The reality is that we cannot be sheep on our own. Sin causes our hearts to be more like a wolf than a lamb no matter how hard we try. In this way, we are just as unclean as the colonists who came to Canada. The good news, our only hope, is that Jesus died and rose from the dead. Through Jesus’ sacrifice, we are forgiven of our sins against God and our neighbours. Also our old selves, that violent wolf, was crucified with Christ. That wolf inside us is wriggling dead. What's more, because Jesus rose from the dead, his life as the Lamb of God rises up inside us. God himself, through the Holy Spirit is transforming us into his sheep. We are new creation. As we go with Jesus into the world, he is transforming us to be his sheep – to be like him – people who vulnerably trust in God and are submissive to the shepherd. Because of this good news, Jesus ought to be our focus this Thanksgiving season.

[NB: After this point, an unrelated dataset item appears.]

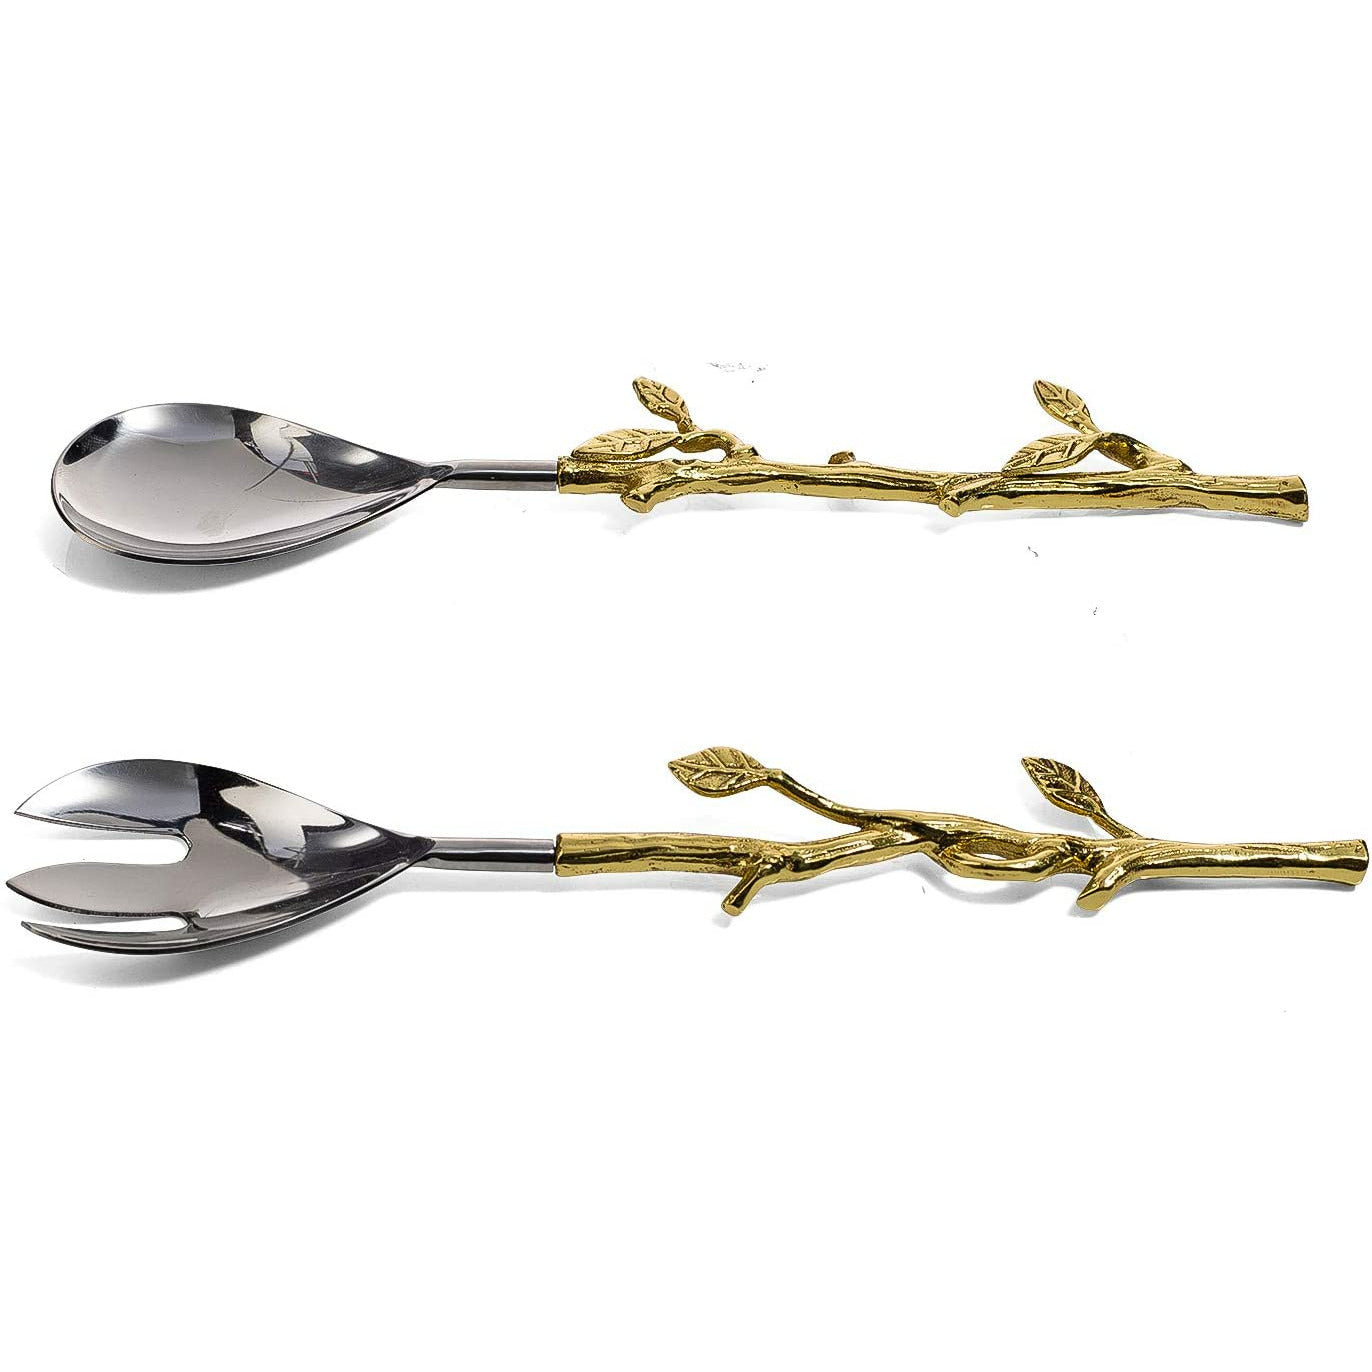 Gold Leaf Salad Servers Brass & Stainless Steel, Fork & Spoon Set Gold Leaf Design, Two Tone Ideal for Weddings, Party's, Elegant Events by Gute Decor
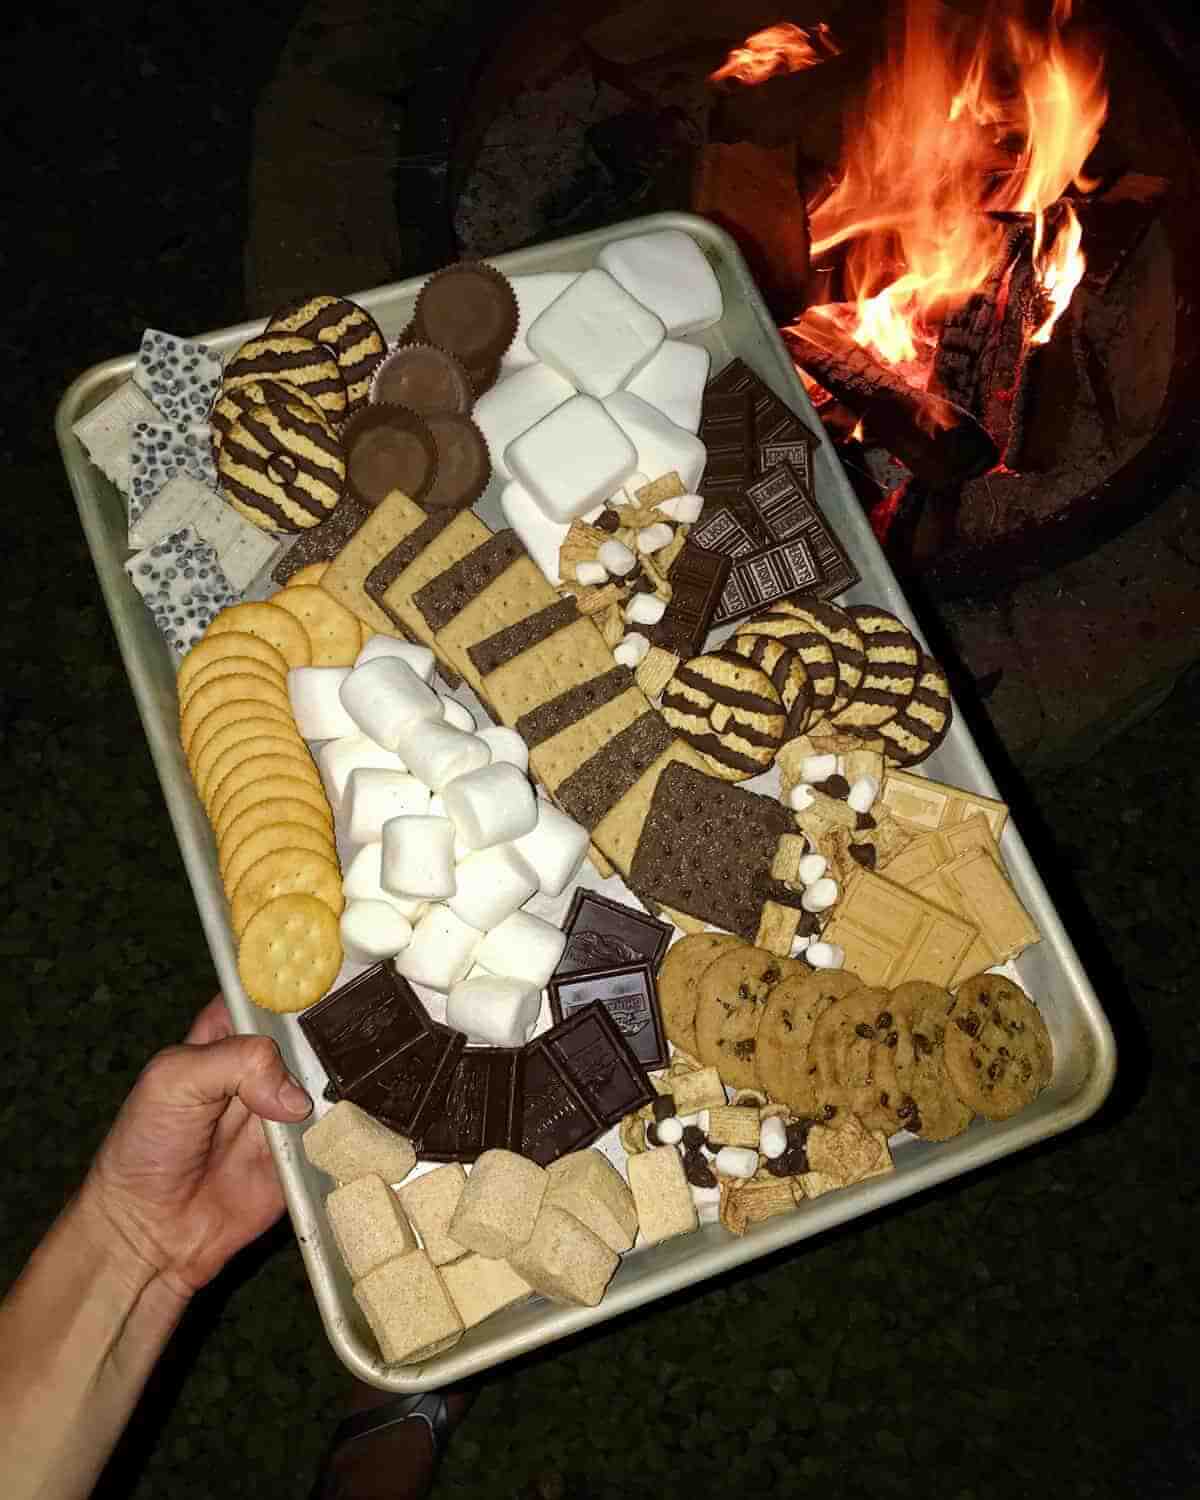 Third Must-Have - S'mores Ingredients (and roasting sticks for the marshmallows!)

After looking into the history of Thanksgiving in Canada, I despaired. Then the words of my Indigenous Friend, Parry Stelter, nudged me towards hope this season. He wrote “Jesus is my focus as I think about the true reason for Thanksgiving Day. I am thankful for Jesus, family, friends, the church, all my fellow Indigenous people, and how one day all this pain and unresolved trauma will be erased forever, when all who follow Jesus will reach heaven” Though the church has failed to be like lambs and we still stumble along, Jesus is our hope. He heals, sends, restores and empowers us to be like his sheep.